RAW DATA:
--

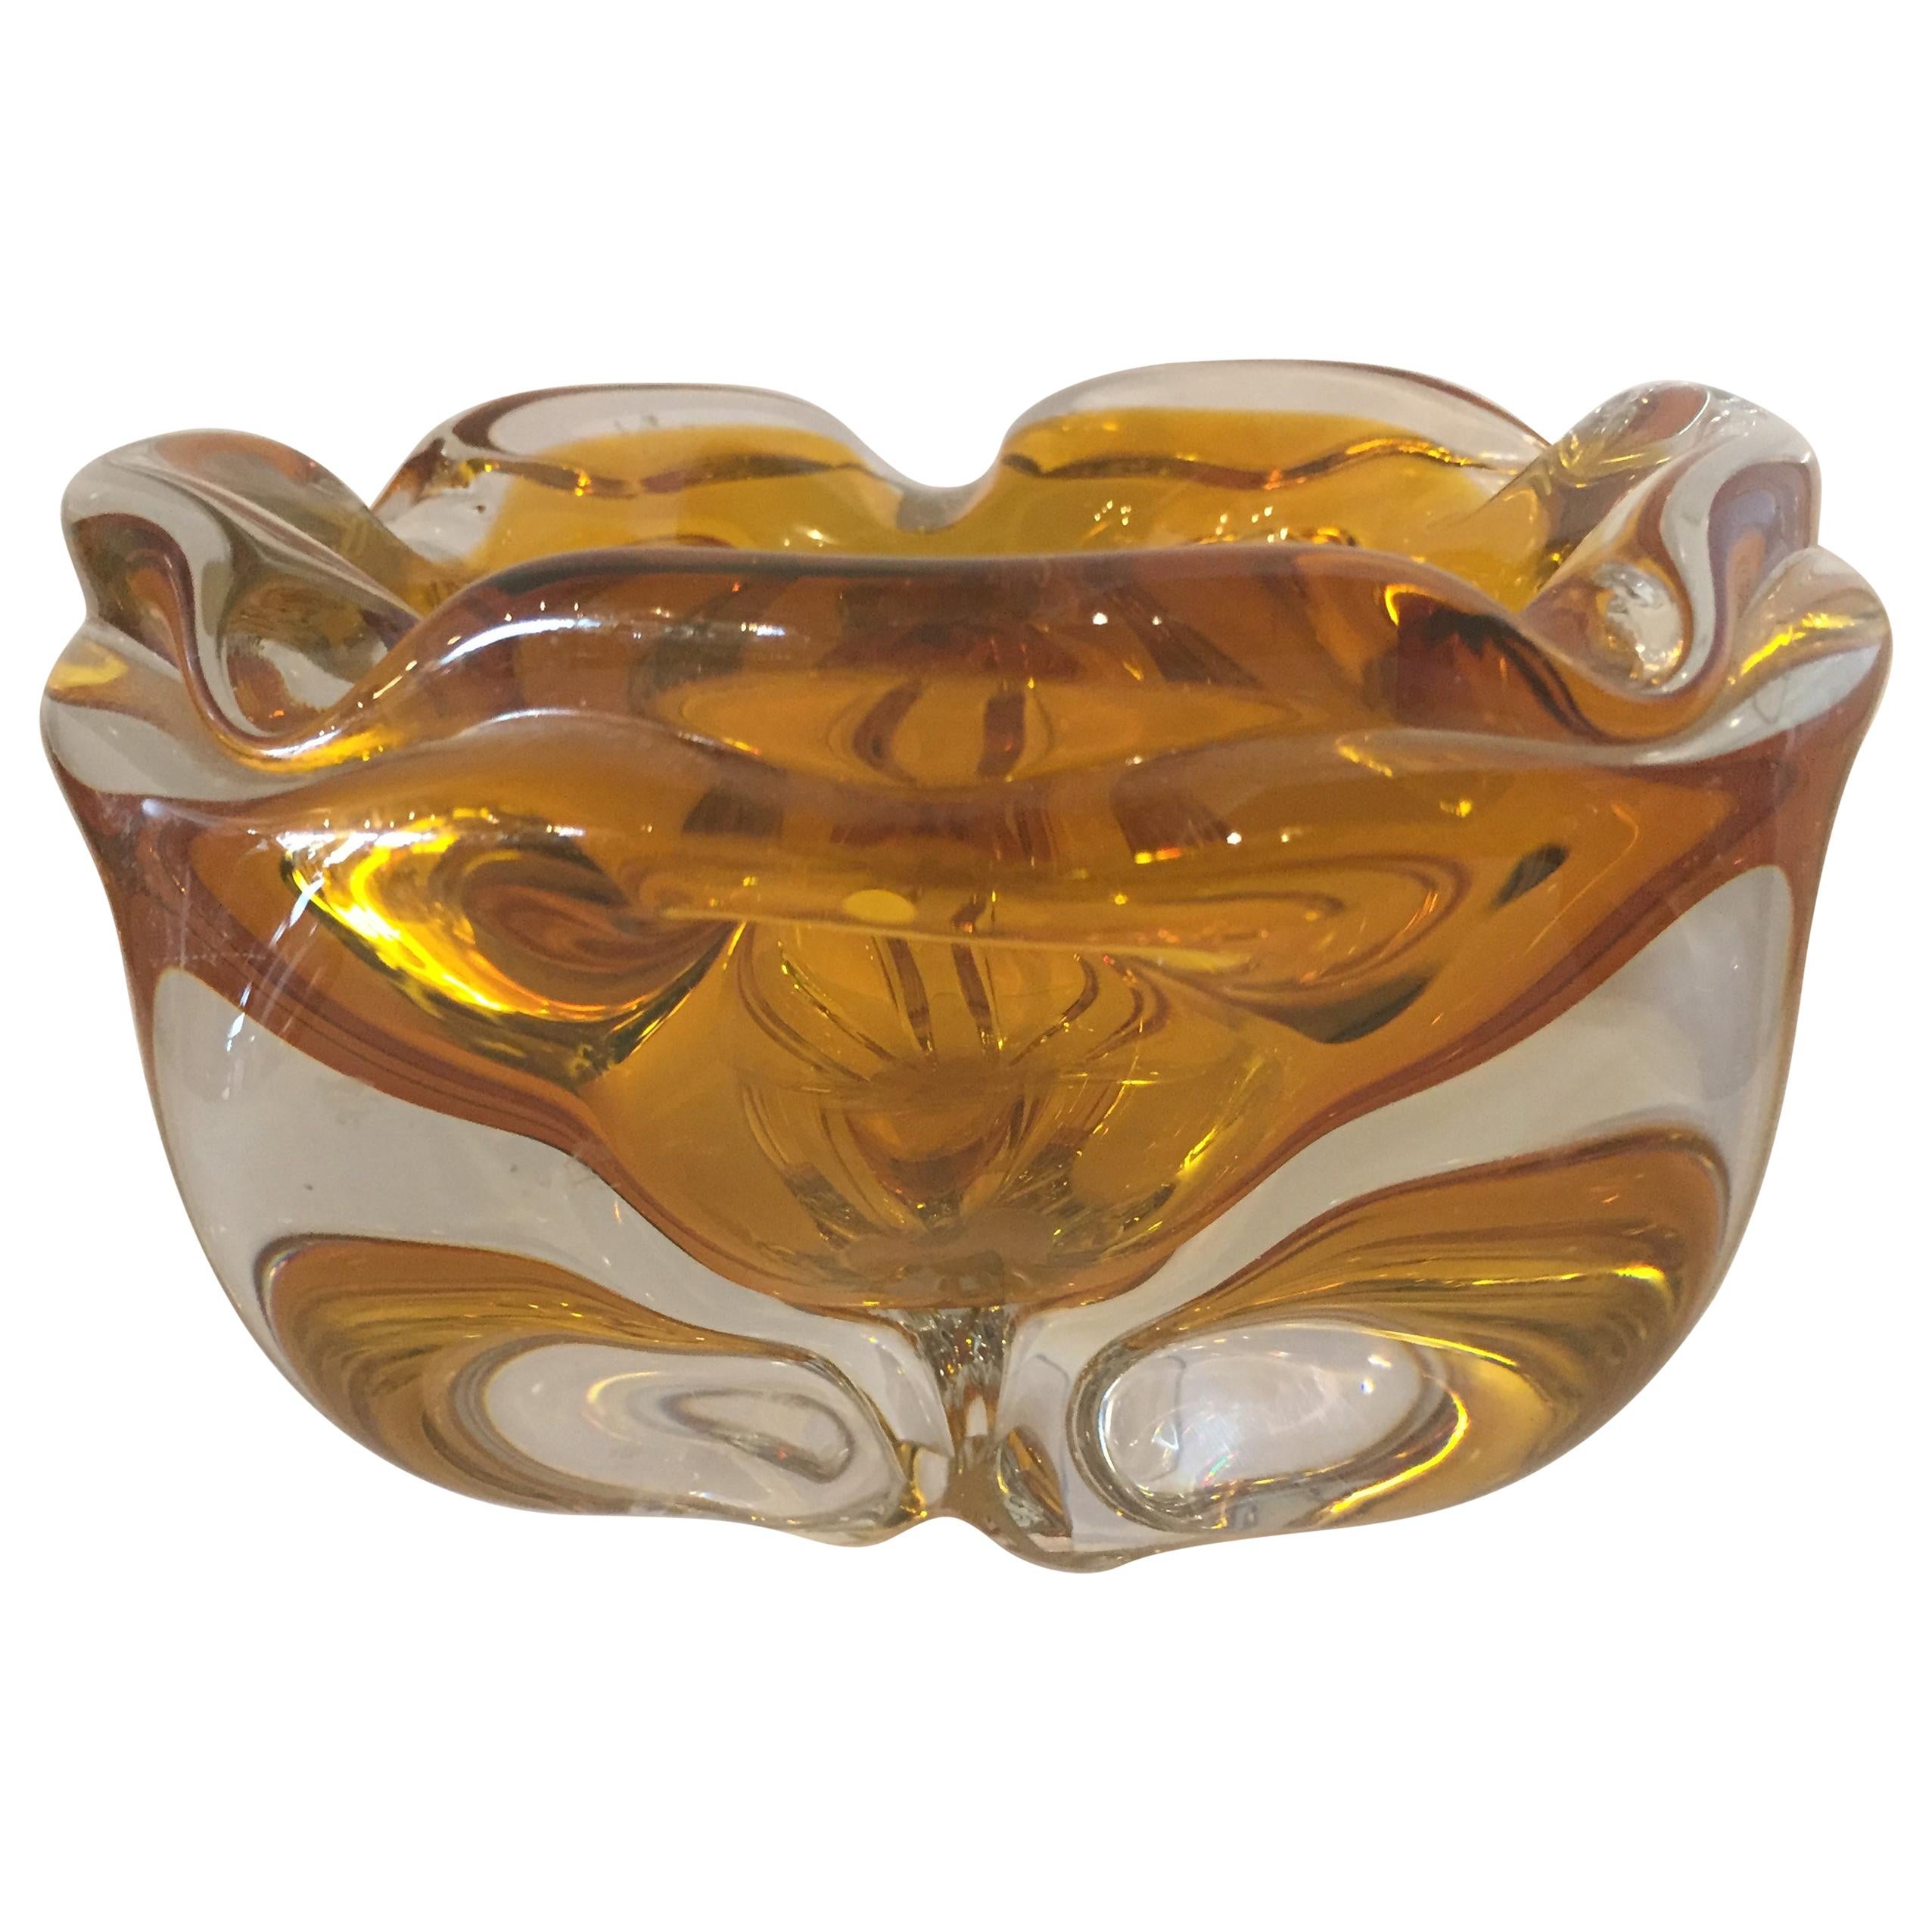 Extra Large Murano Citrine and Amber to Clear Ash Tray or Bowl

--

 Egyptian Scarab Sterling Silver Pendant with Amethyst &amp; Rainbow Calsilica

--

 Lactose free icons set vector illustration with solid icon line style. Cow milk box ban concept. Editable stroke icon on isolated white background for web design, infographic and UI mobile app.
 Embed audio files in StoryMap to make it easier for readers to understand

--

WHAT YOU SHOULD DO: Give back, word for word, only the lines above from the line holding "Lactose free icons" to the line holding "Embed audio files", both included.

EXERCISE RESPONSE:
 Lactose free icons set vector illustration with solid icon line style. Cow milk box ban concept. Editable stroke icon on isolated white background for web design, infographic and UI mobile app.
 Embed audio files in StoryMap to make it easier for readers to understand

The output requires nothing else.